Most British schools have compulsory school uniform and teenage girls, and boys, have always adapted the uniform to suit their own ideas of fashion. Forty years ago, parents and teachers controlled this tendency very successfully. It was all very simple. Girls were not allowed to wear short skirts or make up to school. Parents and teachers controlled this with common sense, and humour, using two different tactics. Parents played their part in enforcing school discipline. Teachers used their commonsense.
During the nineteen sixties, teenaged girls wanted to wear micro mini skirts as Mary Quant, Twiggy, and Lulu did. Parents and teachers naturally did not want young girls wear skirts that showed their underwear to all and sundry. Parents, when buying their daughters’ school uniform skirts ensured they were the correct length and that no alteration was made to the skirt, and that, when their daughters left the house for school, each morning, the skirt was not rolled up. Teachers seeing a girl with a too shirt skirt simply told her to roll the top down. Also spot checks were made, once a term or so, all girls were asked to stay in the hall after assembly, they then knelt on the floor, the headmistress or senior female teacher walked up and down the rows with a yardstick measuring the distance between hemlines and floor. Any skirt more than two inches from the floor earned its owner detention, or extra work. Girls knew where they stood and they could be slightly fashionable, but not take it to an extreme degree.

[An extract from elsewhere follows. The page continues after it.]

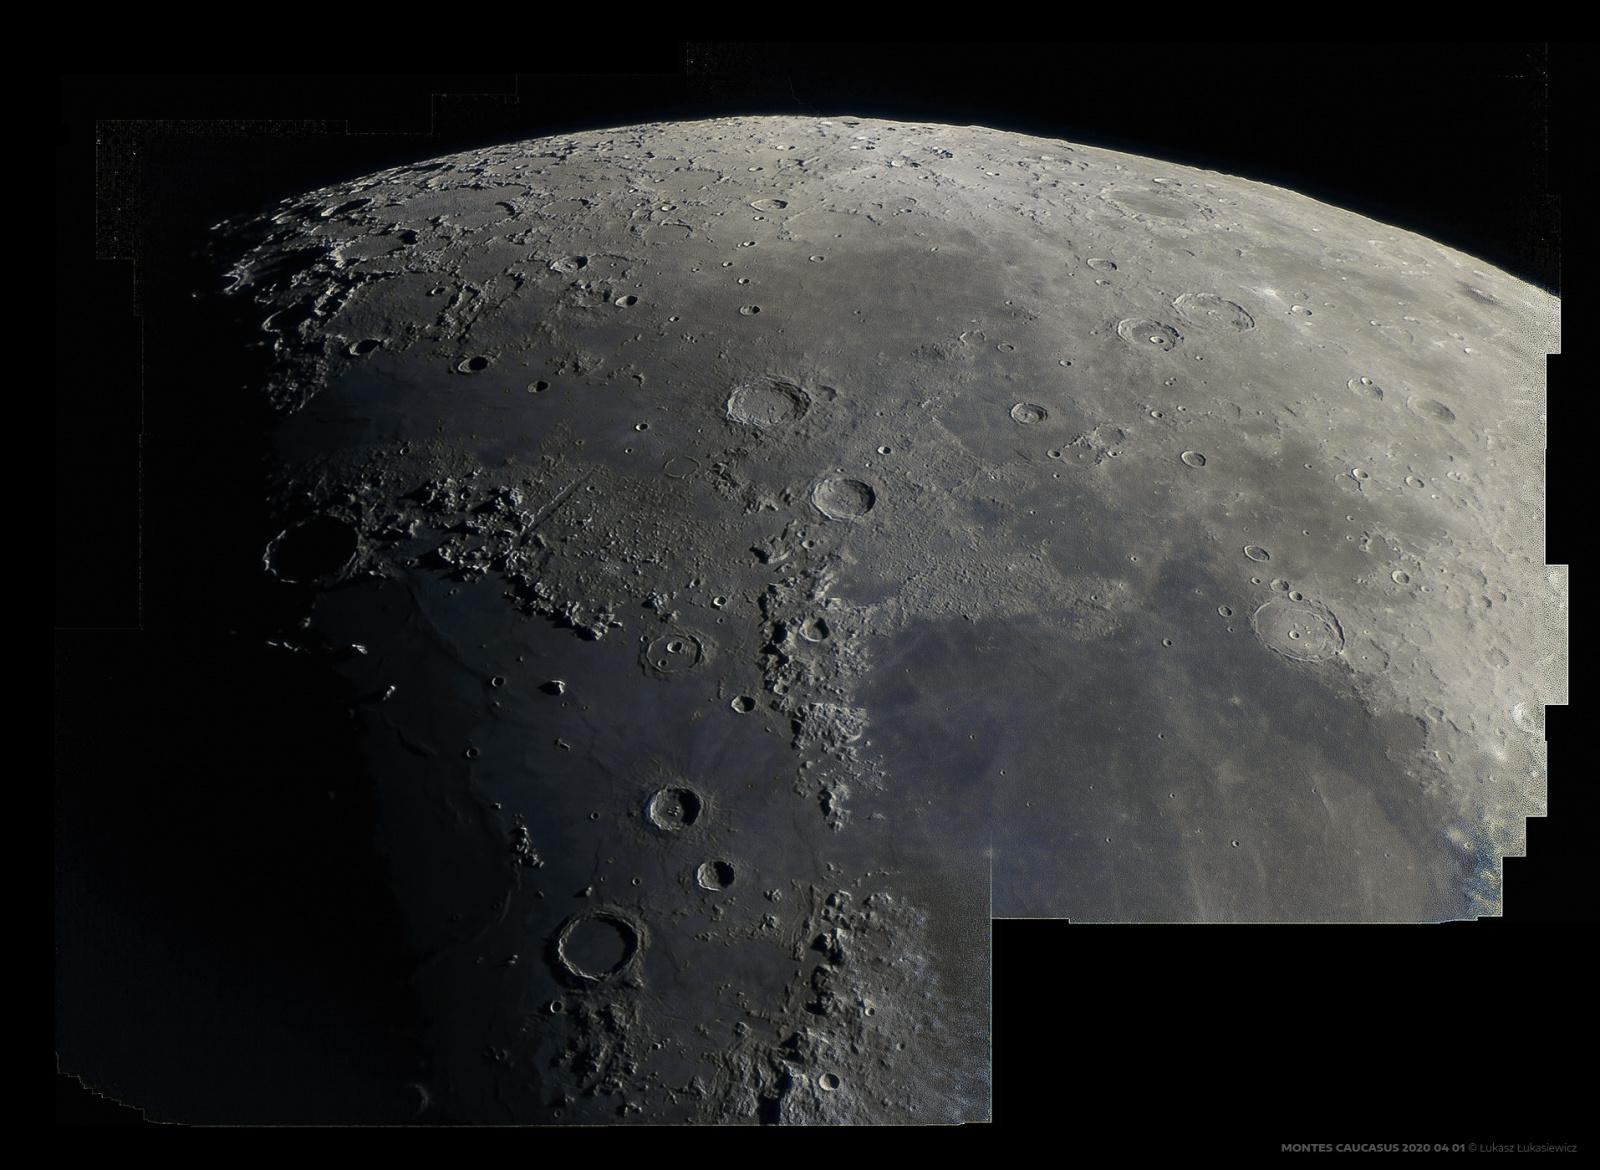 MONTES-CAUCASUS-2020-04-01.jpg

Girls also knew that there was little point in complaining to their parents about teachers punishing them for having too short a skirt, since parents would agree with the teachers.
Teachers dealt with make-up in a slightly different way. Make-up was forbidden and girls knew it was. However, teachers ignored discreet eye make up, a little mascara or similar. Teachers all carried the small handy packets of tissues (Kleenex) , and girls sporting heavy make-up were simply handed a tissue and told to go and wash their faces, repeat offenders were given detention or extra work. It took very little time on the part of teachers and those breaching the ban got no sympathy from their parents or their peers, in fact, other girls were likely to tell them off for overstepping the mark. Girls learnt the difference between heavy and discreet make up, self-discipline, and were still allowed to do something perfectly natural for girls of that age.
These two approaches seem much more sensible than banning natural behaviour. They also teach youngsters about moderate behaviour and allow them to follow perfectly natural inclinations, without endangering themselves or looking like fools. Bans do not teach youngsters anything at all and do not help them to learn self-discipline. Surely, education is supposed to teach and educate the whole child rather than just filling their heads with facts.